PROBLEM:
An exact copy of each line below is needed, with no images in it.

DATASET EXCERPT:

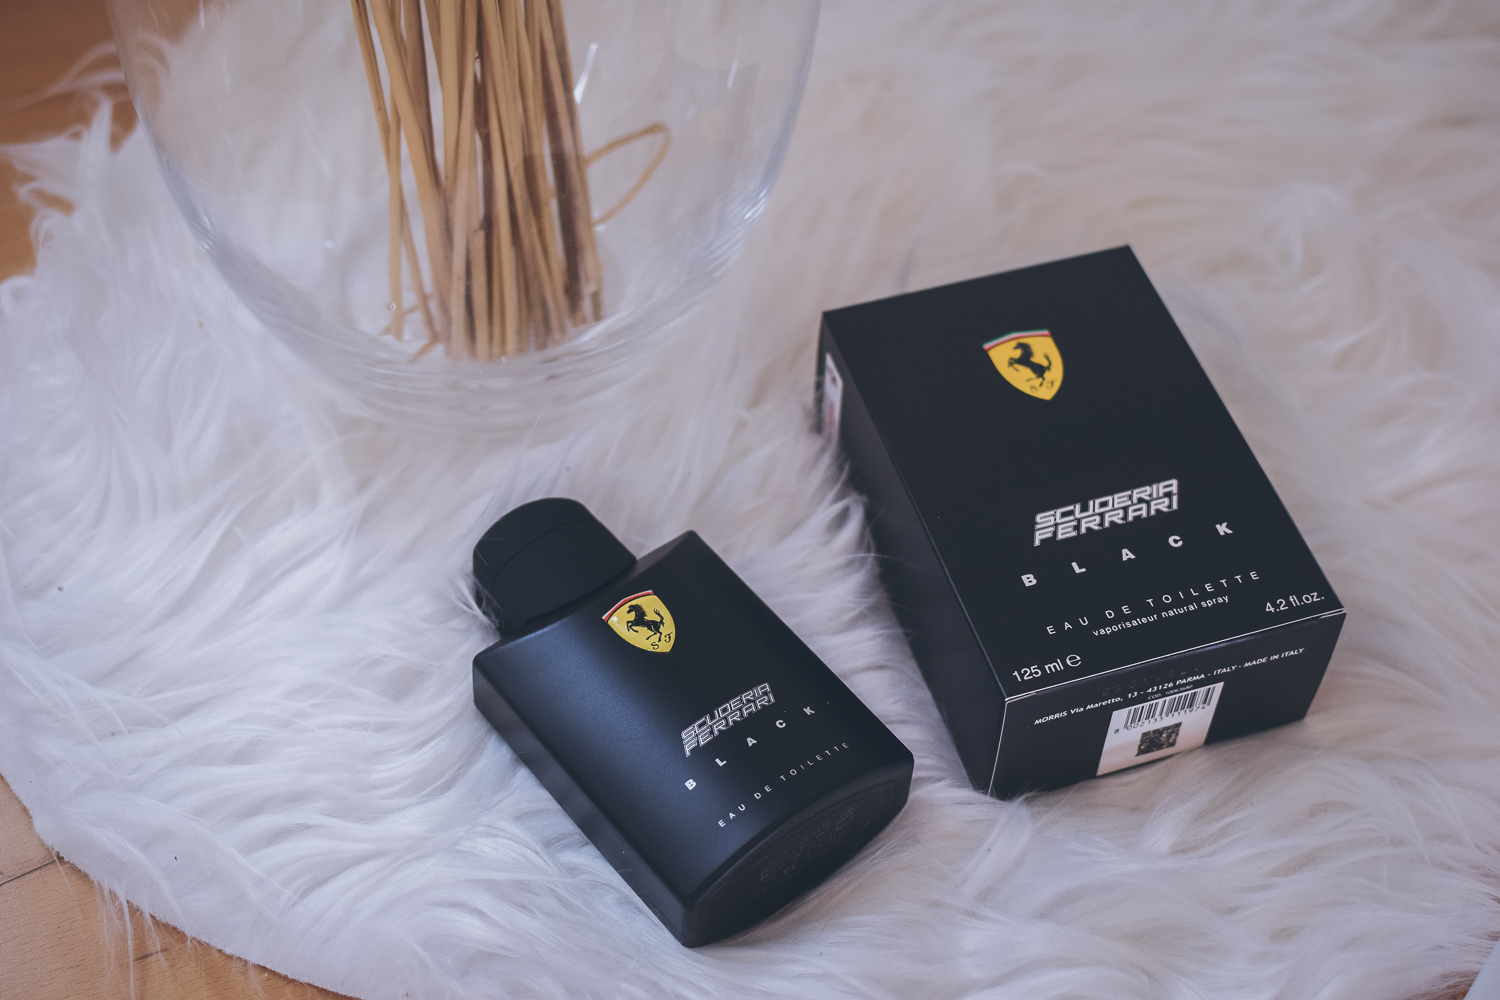 Black Scuderia Herrenparfum vom Edel-Label Ferrari
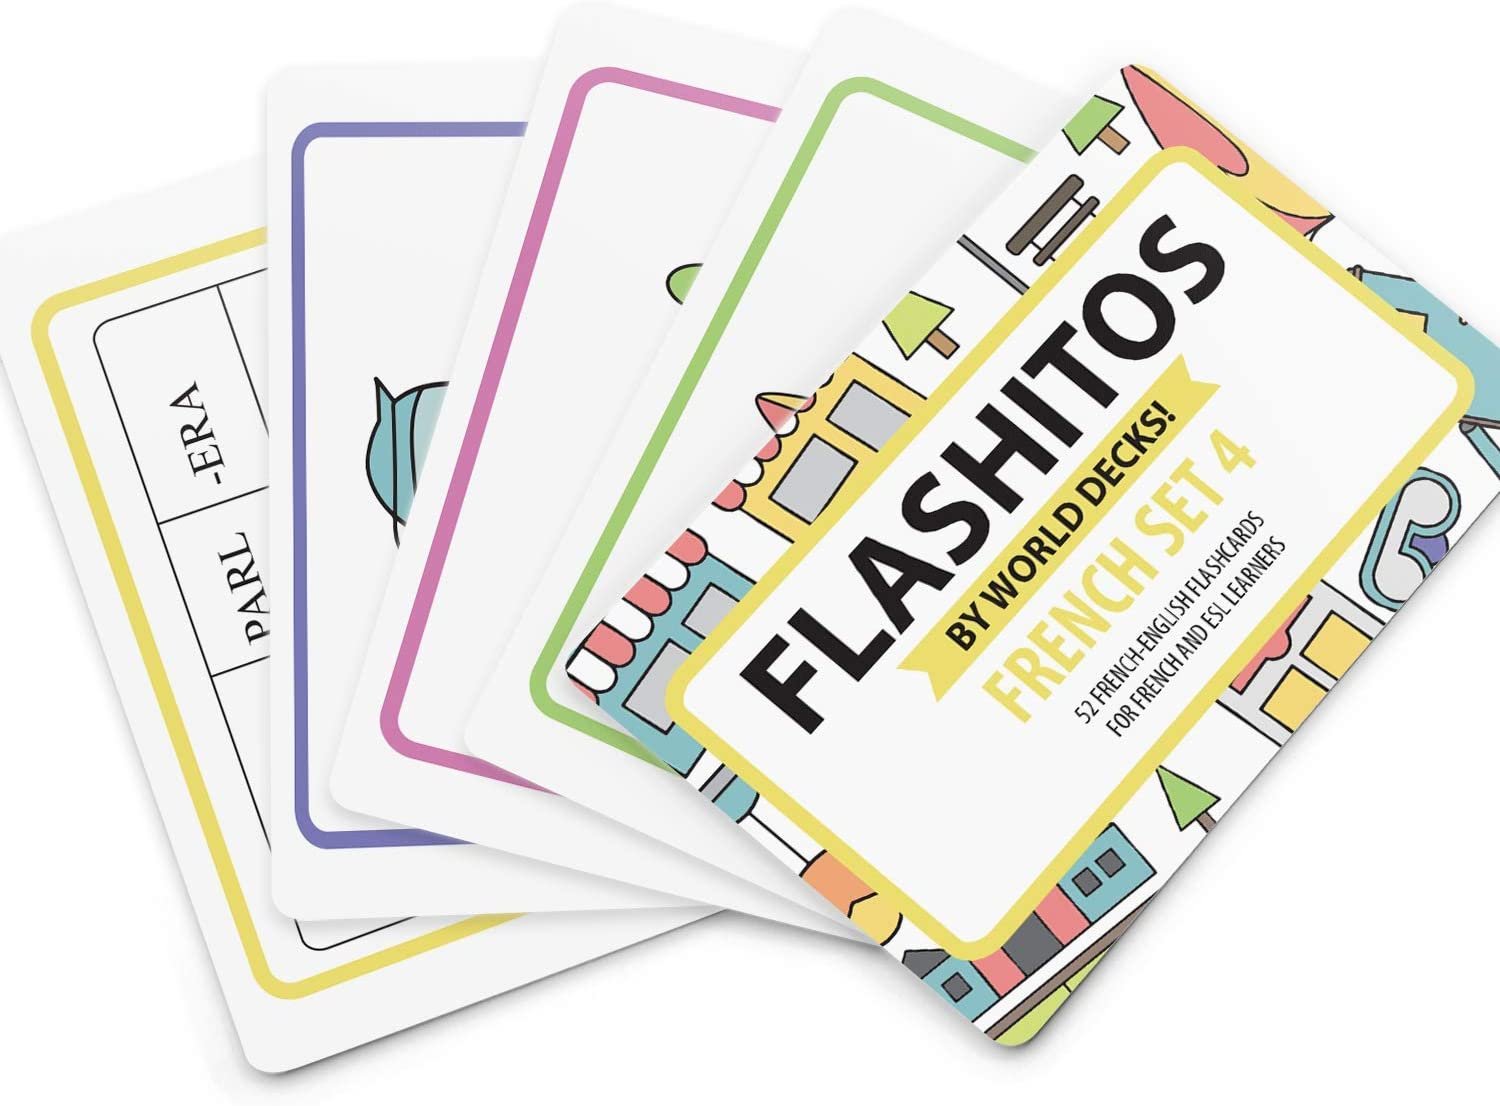 Etienne des Sherpas teste les flashcards FLASH 2.0 !
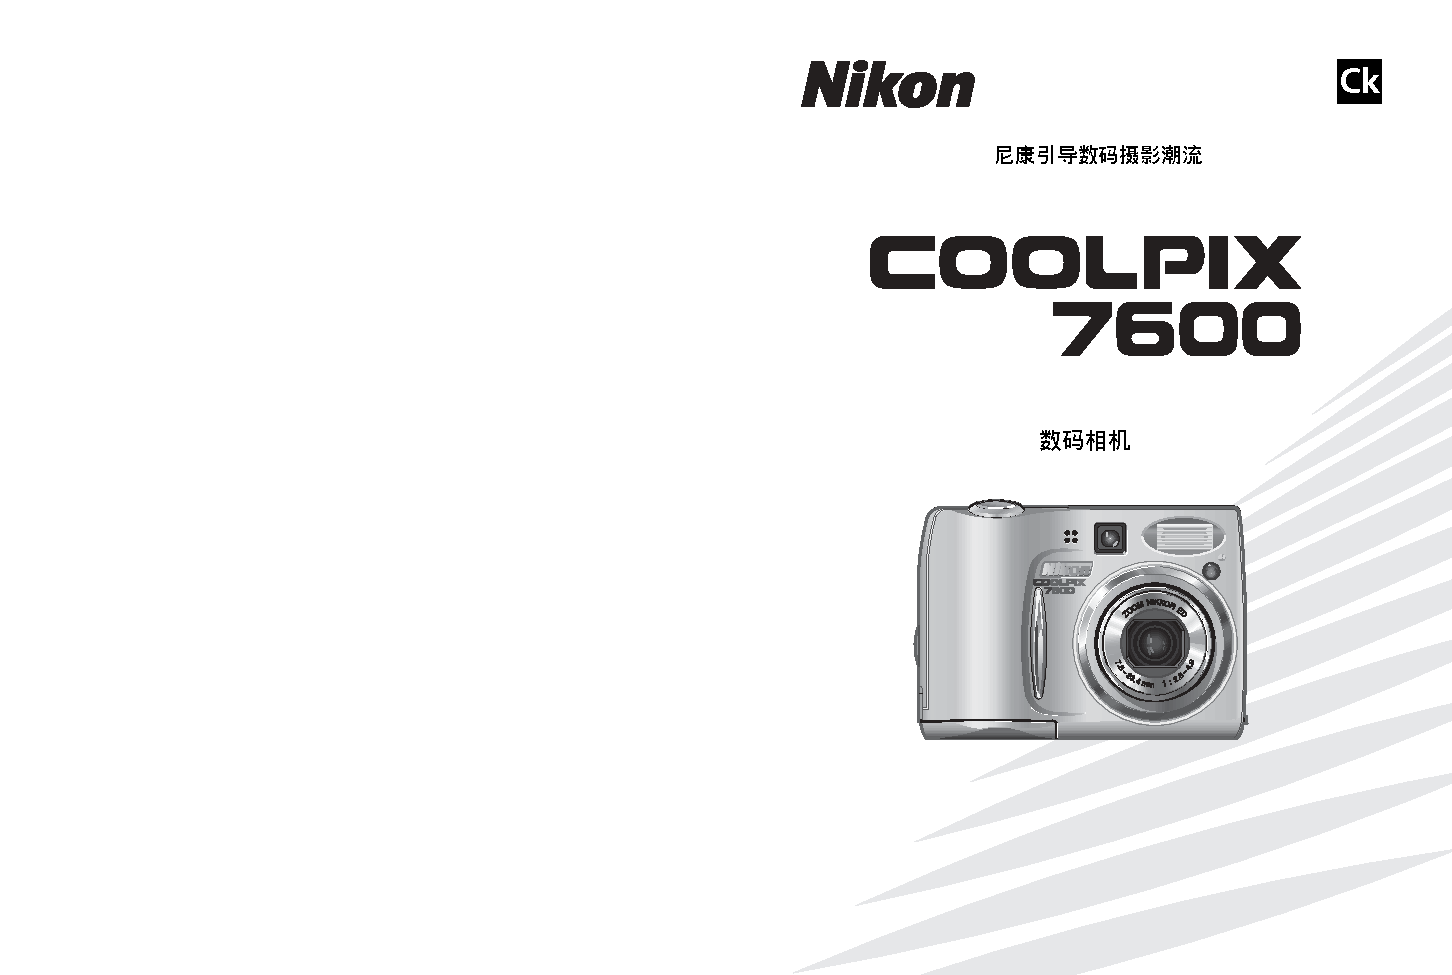 尼康 Nikon COOLPIX 7600 用户指南 封面

YOUR RESPONSE:
 Black Scuderia Herrenparfum vom Edel-Label Ferrari
 Etienne des Sherpas teste les flashcards FLASH 2.0 !
 尼康 Nikon COOLPIX 7600 用户指南 封面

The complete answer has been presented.